You might remember George Wright posted here in February about P2P Next,

a Europe-wide consortium of 21 partners spanning broadcasters, technical universities, content and metadata specialists and hardware vendors. We are building a new, cross-platform, Free/Open Source software-based, legal, peer-to-peer system.

There's been some interesting reaction around various blogs [Technorati search | Google search] and this week, the splendid Council Chamber in BBC Broadcasting House [click here for tours] sees the six-monthly General Assembly of P2P Next, where partners discuss the future of the project, including this work in progress from one of the key participants, Pioneer.

p2p next

George will be returning to post about P2P Next after the end of the Assembly.

Alan Connor is co-editor, BBC Internet Blog.


  • Comment number 1.

    " legal, peer-to-peer system"

    Could you explain this?

    1) Using P2P isn't illegal

    2) It's just a way of copying files around, "illegal" files are no different to "legal" files.

  • Comment number 2.

    @ParkyDR (#1): A good point, and one that George is eternally aware of.
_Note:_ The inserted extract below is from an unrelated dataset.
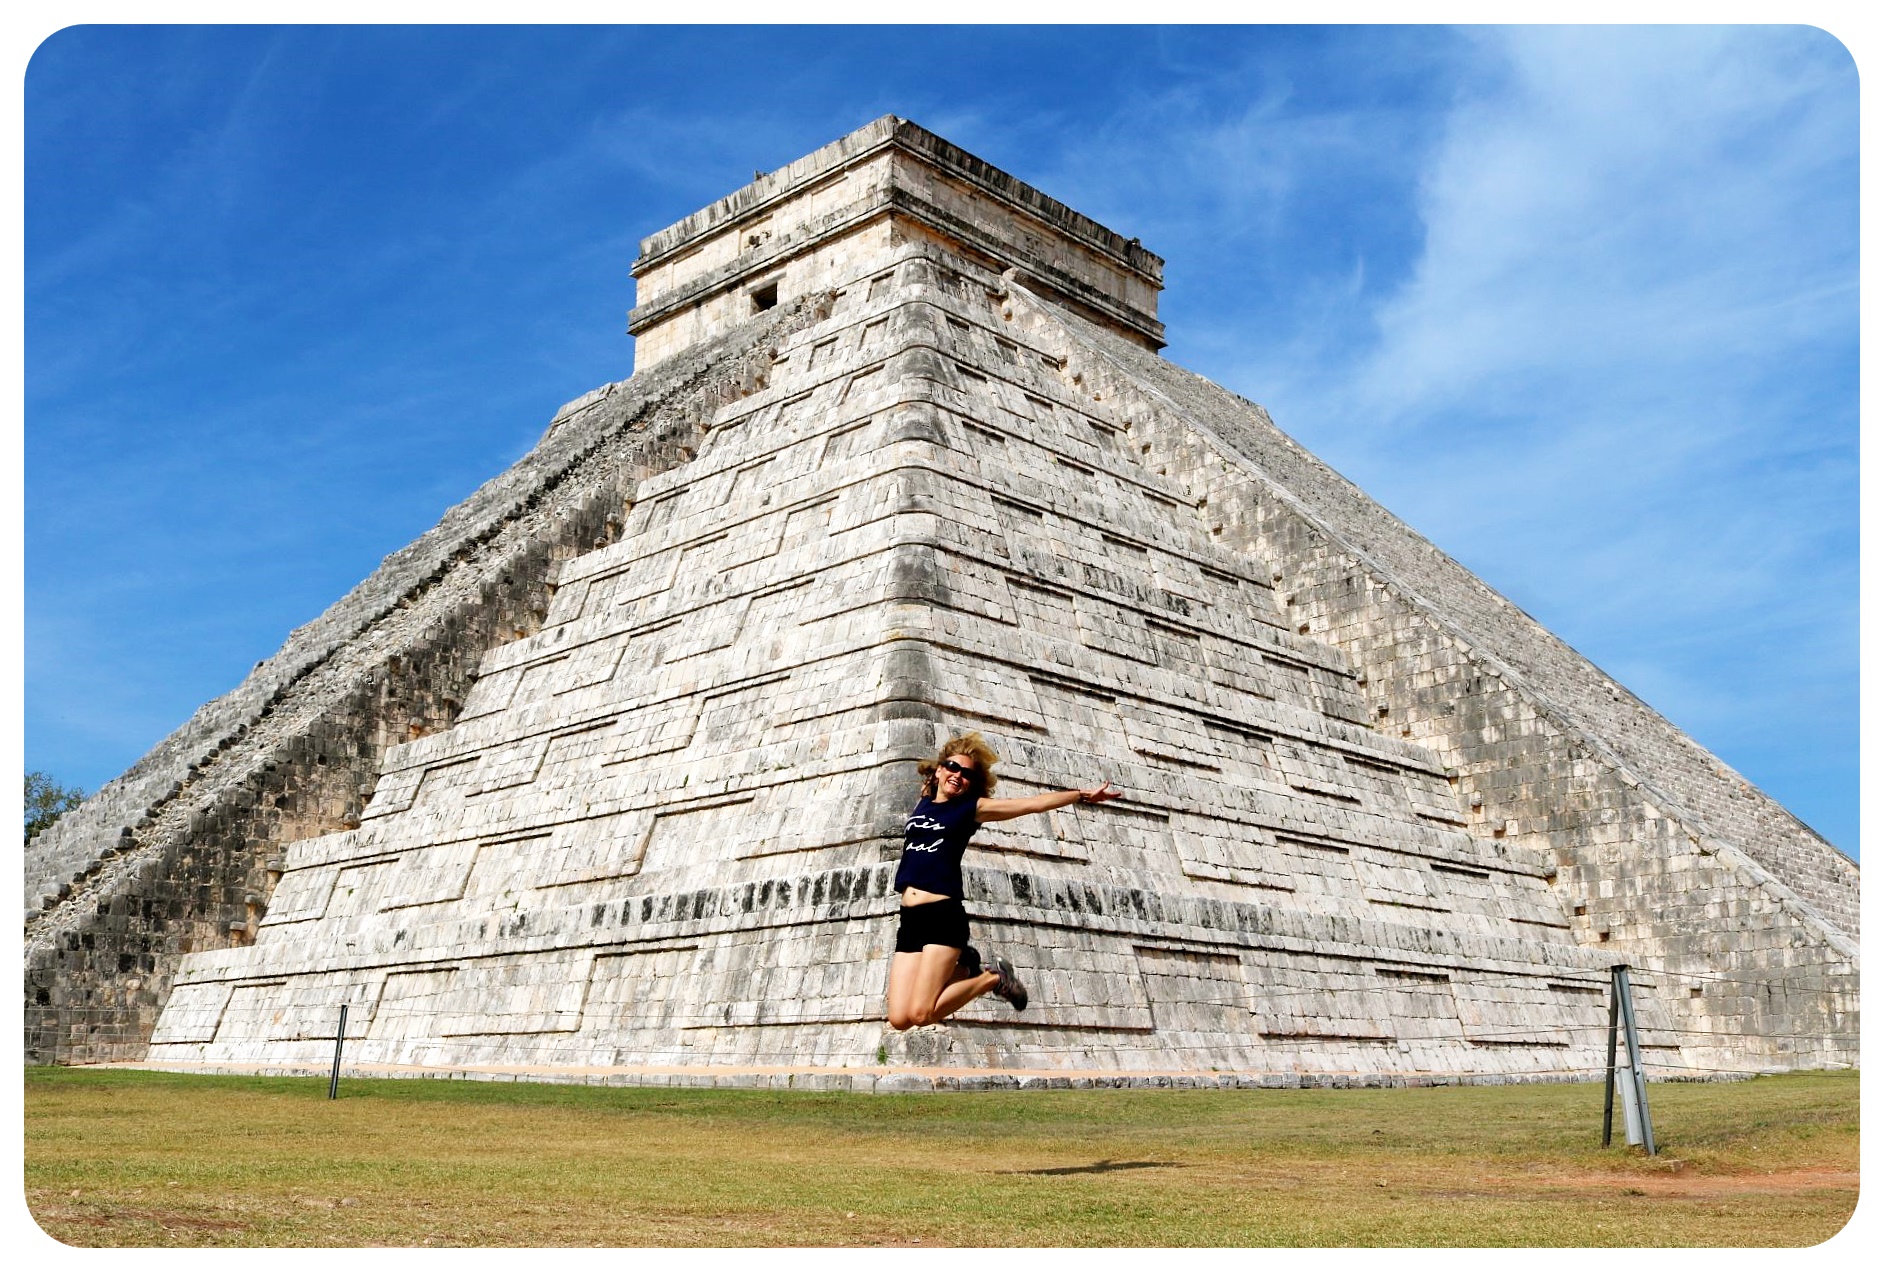 Our journey through Mexico in pictures

This is not some misguided notion to decriminalise a perfectly legal activity. But if I explain it in my own words, I fear I'll get the detail wrong - do you mind watching this space?

    Alan Connor, BBC Internet Blog

  • Comment number 3.

    @Alan Connor

    I don't mind at all, I will be watching this space with interest.

  • Comment number 4.

    P2P is a much misunderstood and misused technology. It does however represent the future of media distribution over the interrnet, and if properly implemented can achieve this goal while not bringing the internet to its knees.

    ISPs should see P2P media server appliances as an opportunity to offer this technology in a manageable fashion which does not disrupt their networks in the way P2P misuse is apparently doing and requiring heavy-handed use of bandwidth shaping technology by ISPs.

    Current P2P software generally falls into two categories:
    - Automated services such as Veoh or iPlayer which offer little control over download bandwidth usage.
    - User managed software such BitTorrent.
    Both the former, and the latter in the hands of novices create unwelcome unstable/noisy bandwidth usage with wide peaks and troughs.

    P2P has been unfairly demonized by much of the industry, Its high time it was fully embraced and developed for the benefit of all.